#### Task to carry out:
Without the pictures, write out all the lines below exactly as they appear.

[Opening Data shown section]

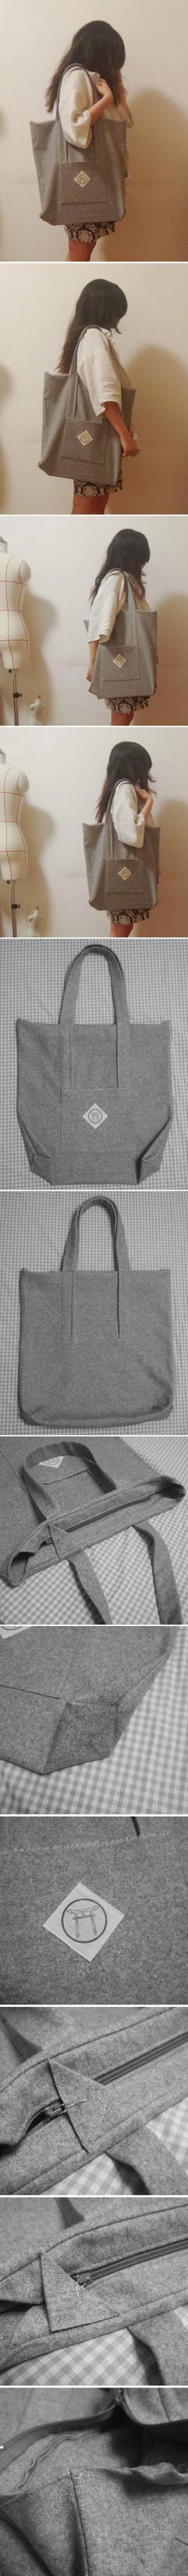 shoulder bag by ASingleGiraffe
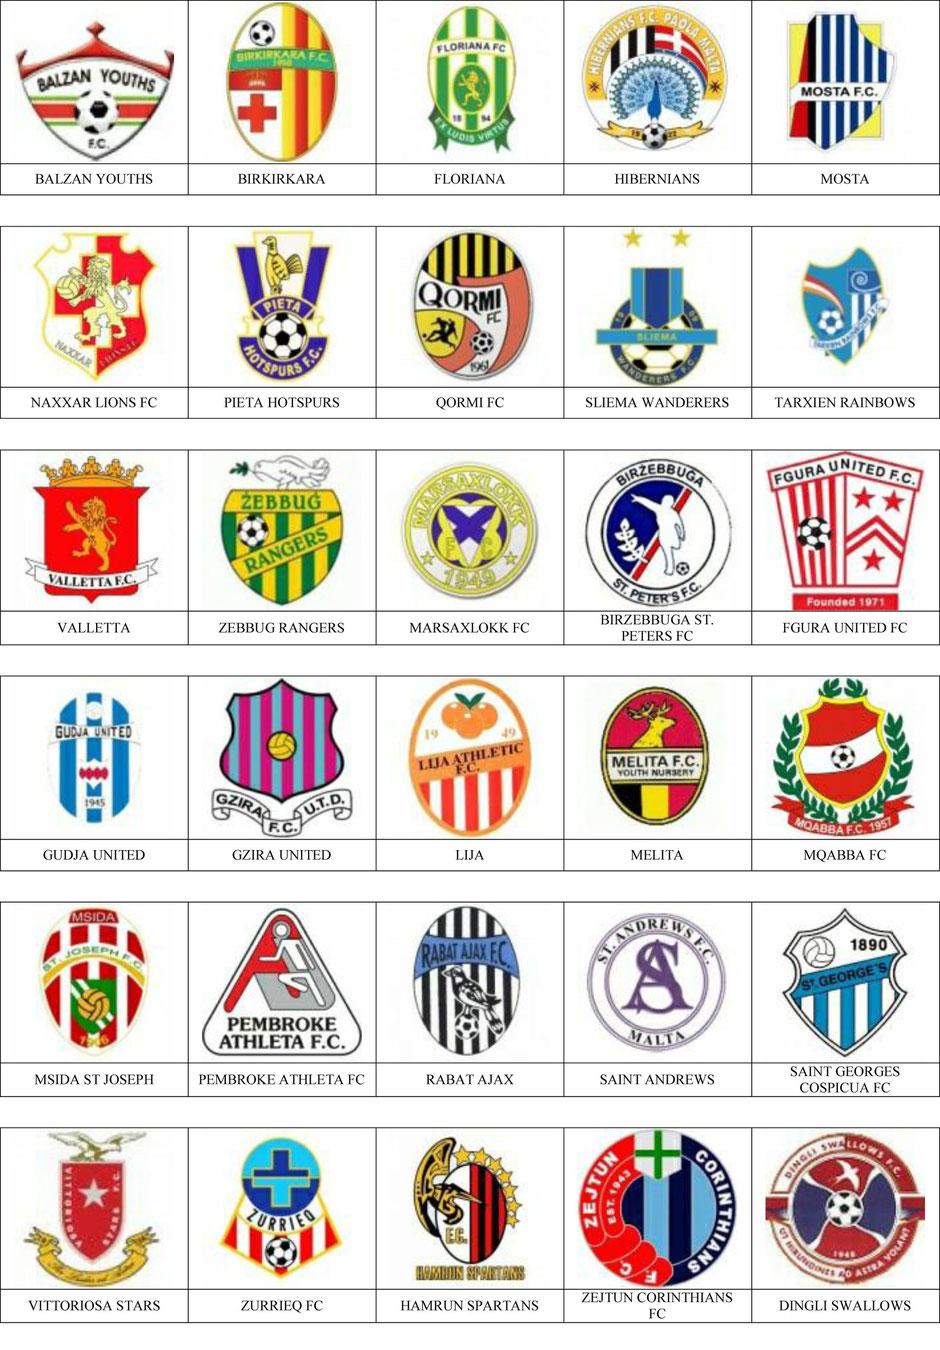 equipos futbol malta
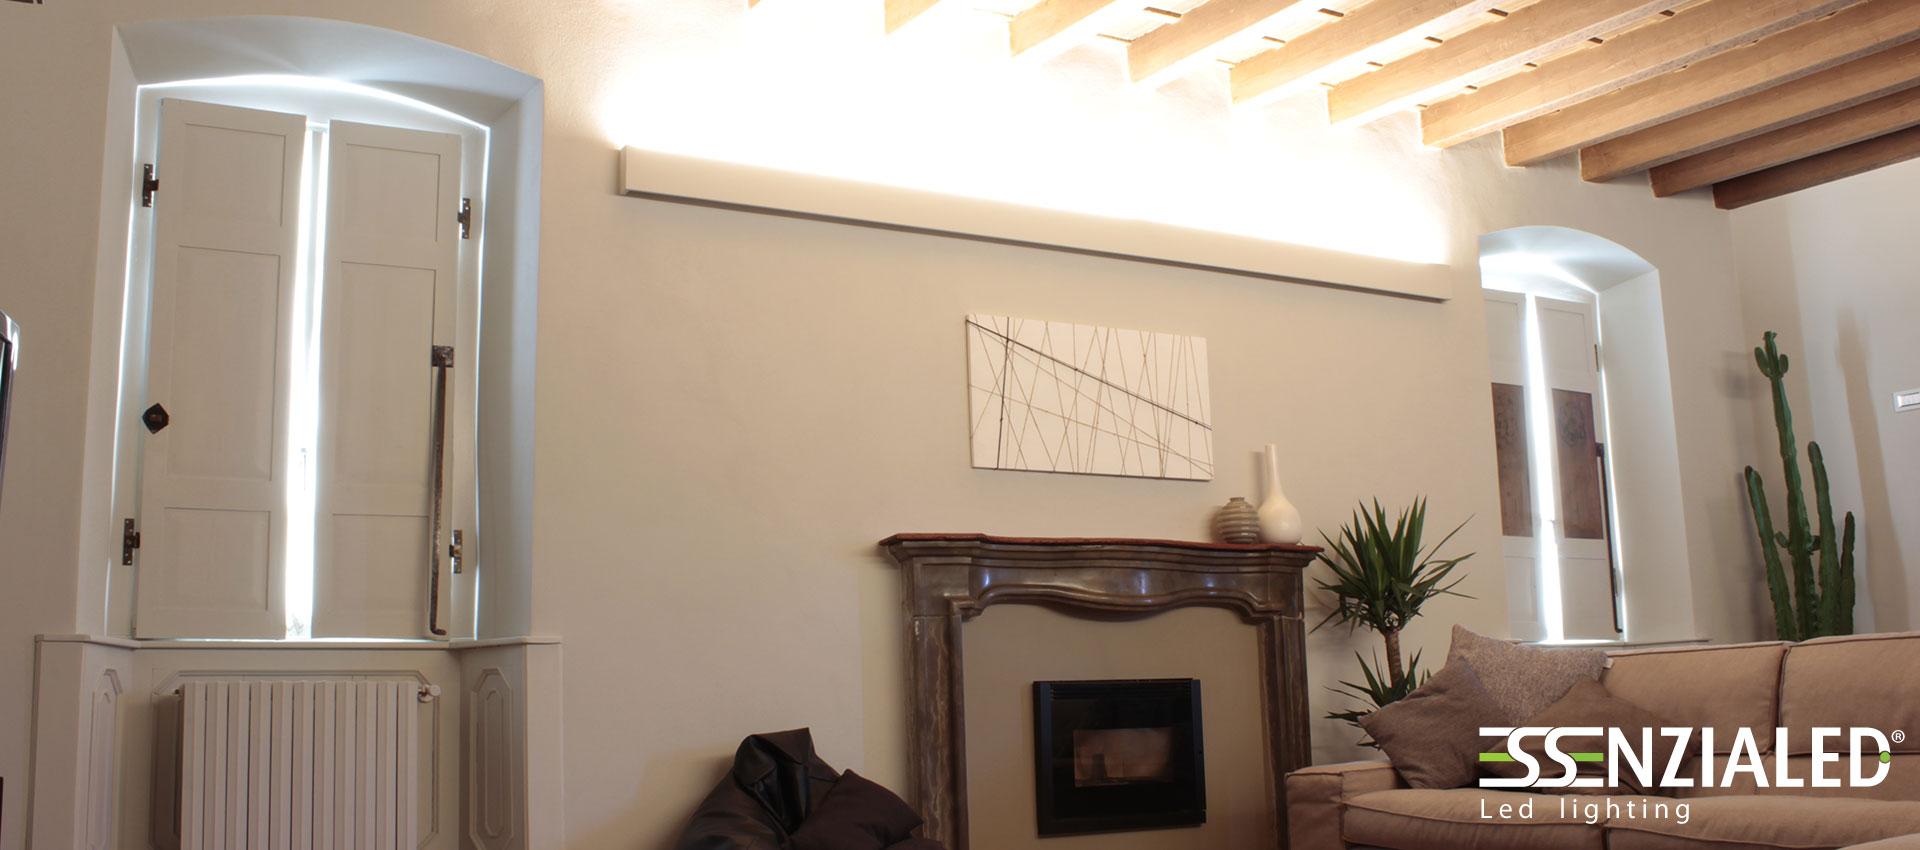 Illuminazione Per Soffitto Con Travi In Legno ~ Design casa creativa e mobili ispiratori

[Closing Data shown section]

#### Response to the exercise:
 shoulder bag by ASingleGiraffe
 equipos futbol malta
 Illuminazione Per Soffitto Con Travi In Legno ~ Design casa creativa e mobili ispiratori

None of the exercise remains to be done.